Aggravating Show Host: “We’re joined now by our Caps beat reporter Ray Bock, who has been over at Kettler catching up on the Caps this week at training camp. So, what’s going on with the Caps?

Ray Bock: “Well, the Caps had a lively session this morning, and if they aren’t yet in mid-season form, they looked pretty sharp.”

Know-It-All Co-Host: “So as anyone knows, nothing the Caps do in the regular season means anything compared to the playoffs, and nothing they do this week means anything compared to the regular season, so let’s get back to which number John Beck is wearing this week for the Redskins.”

ASH: “That’s in our next segment, but Ray, how did Alex Ovechkin look?”

RB: “Ovechkin really looked on top of his game. He made a nice left turn in the corner in one drill, and he certainly had the water bottle squirt down late in the session”

KIACH: “It’s hard to believe that this is more interesting than ‘Graham or Gano, which kicker’s got to go?’”

ASH: “Uh…yeah. But Ray, what about Nicky Backstrom? Is he sharp?”

RB: “As sharp as you could expect. He did manage to complete a saucer pass to Alex Semin in the skate around before practice that looked close to mid-season form.”

KIACH: “Shouldn’t we be talking about whether Tiger Woods will ever win another golf tournament.”

ASH: “Save it for the weekend golf show…Ray, did Bruce Boudreau seem pleased with today’s practice.”

RB: “His whistle didn’t seem to be quite up to his tweeting standard, but he showed real nimbleness when he was scribbling on the white board.”

ASH: “What about the new guys...how did Jeff Halpern look?”

KIACH: “Orakpo or DeAngelo, which one will put on a show…”

RB: “I have to say, Halpern looked like he was born to wear the ‘15’ made famous by Stan Gilbertson and Mike Sitala.”

KIACH: “You know, no Capital has worn Halpern’s old number ‘11’ since Halpern left the club.”

RB: “Uh, well, that’s because ‘11’ was retired in 2008.”

KIACH: “And no one was more deserving than Jeff Halpern…”

RB: “Uh…Mike Gartner?”

ASH: “What about the other new guys…Joey Ward and Ron Hamrlik”
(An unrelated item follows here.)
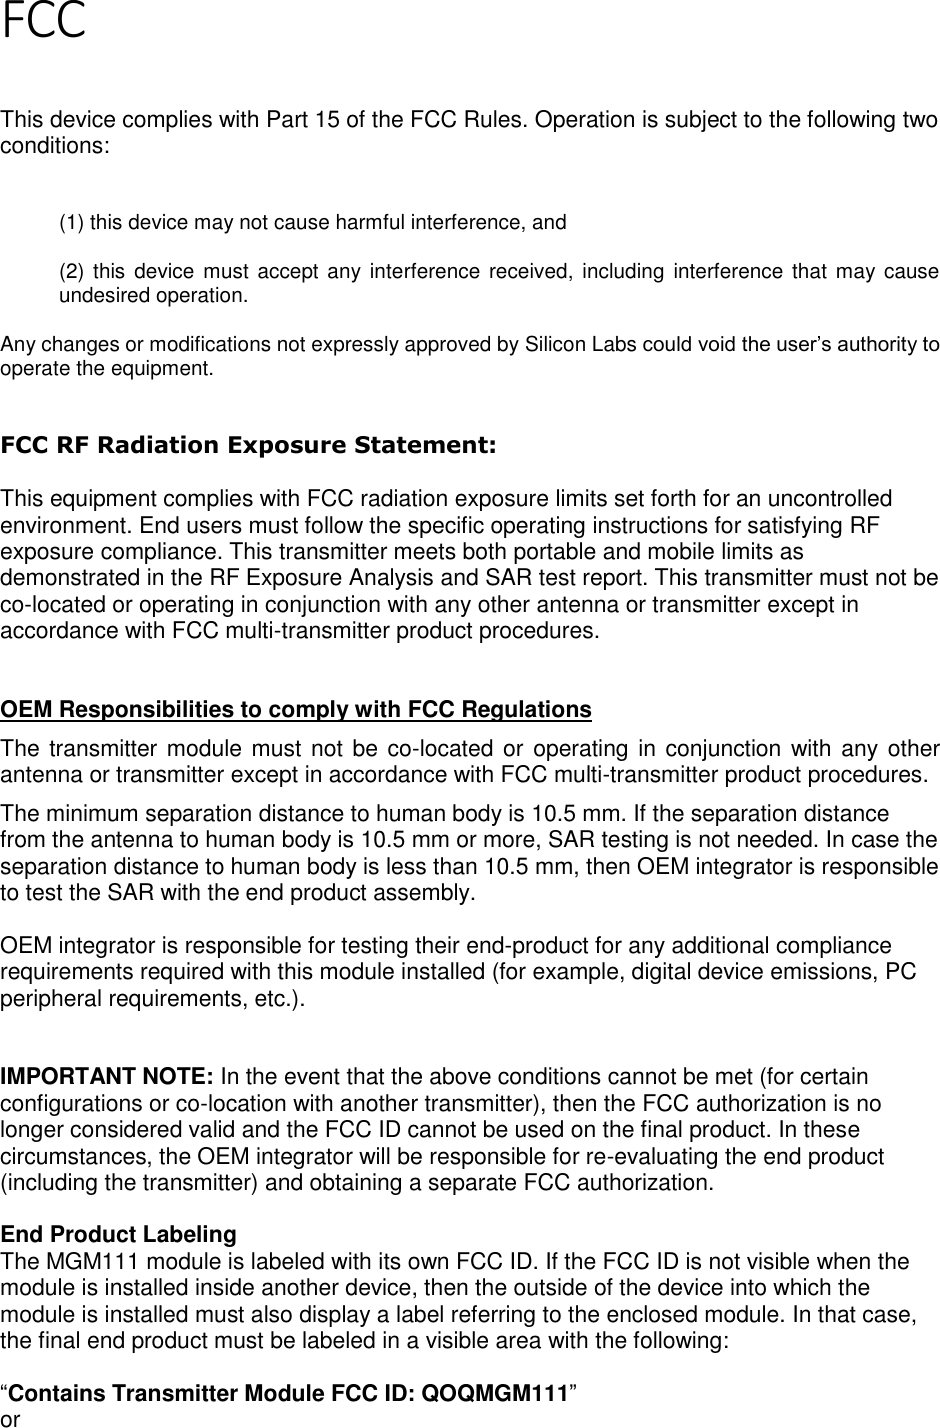 Page 2 of 5 FCC   This device complies with Part 15 of the FCC Rules. Operation is subject to the following two conditions:  (1) this device may not cause harmful interference, and  (2) this device  must accept any interference received,  including interference that may cause undesired operation. Any changes or modifications not expressly approved by Silicon Labs could void the user’s authority to operate the equipment.  FCC RF Radiation Exposure Statement:  This equipment complies with FCC radiation exposure limits set forth for an uncontrolled environment. End users must follow the specific operating instructions for satisfying RF exposure compliance. This transmitter meets both portable and mobile limits as demonstrated in the RF Exposure Analysis and SAR test report. This transmitter must not be co-located or operating in conjunction with any other antenna or transmitter except in accordance with FCC multi-transmitter product procedures.    OEM Responsibilities to comply with FCC Regulations The transmitter module must not be co-located or operating in conjunction with any other antenna or transmitter except in accordance with FCC multi-transmitter product procedures.  The minimum separation distance to human body is 10.5 mm. If the separation distance from the antenna to human body is 10.5 mm or more, SAR testing is not needed. In case the separation distance to human body is less than 10.5 mm, then OEM integrator is responsible to test the SAR with the end product assembly.   OEM integrator is responsible for testing their end-product for any additional compliance requirements required with this module installed (for example, digital device emissions, PC peripheral requirements, etc.).   IMPORTANT NOTE: In the event that the above conditions cannot be met (for certain configurations or co-location with another transmitter), then the FCC authorization is no longer considered valid and the FCC ID cannot be used on the final product. In these circumstances, the OEM integrator will be responsible for re-evaluating the end product (including the transmitter) and obtaining a separate FCC authorization.  End Product Labeling The MGM111 module is labeled with its own FCC ID. If the FCC ID is not visible when the module is installed inside another device, then the outside of the device into which the module is installed must also display a label referring to the enclosed module. In that case, the final end product must be labeled in a visible area with the following:   “Contains Transmitter Module FCC ID: QOQMGM111” or

RB: “JOEL Ward and ROMAN Hamrlik looked in tip-top shape. Neither fell down once in today’s skate, and Ward had a real nice dump in about half way through the practice.

ASH: “I guess the last question is Alex Semin…there is a lot of talk about whether he is going to be with the Caps or if he is going to be traded. How did he look today?”

RB: “He was at his curl and draggy best…”

KIACH: “Shanahan-a-lan-a-dingdong…”

ASH: “We’ll be right back after these messages…don’t go away.”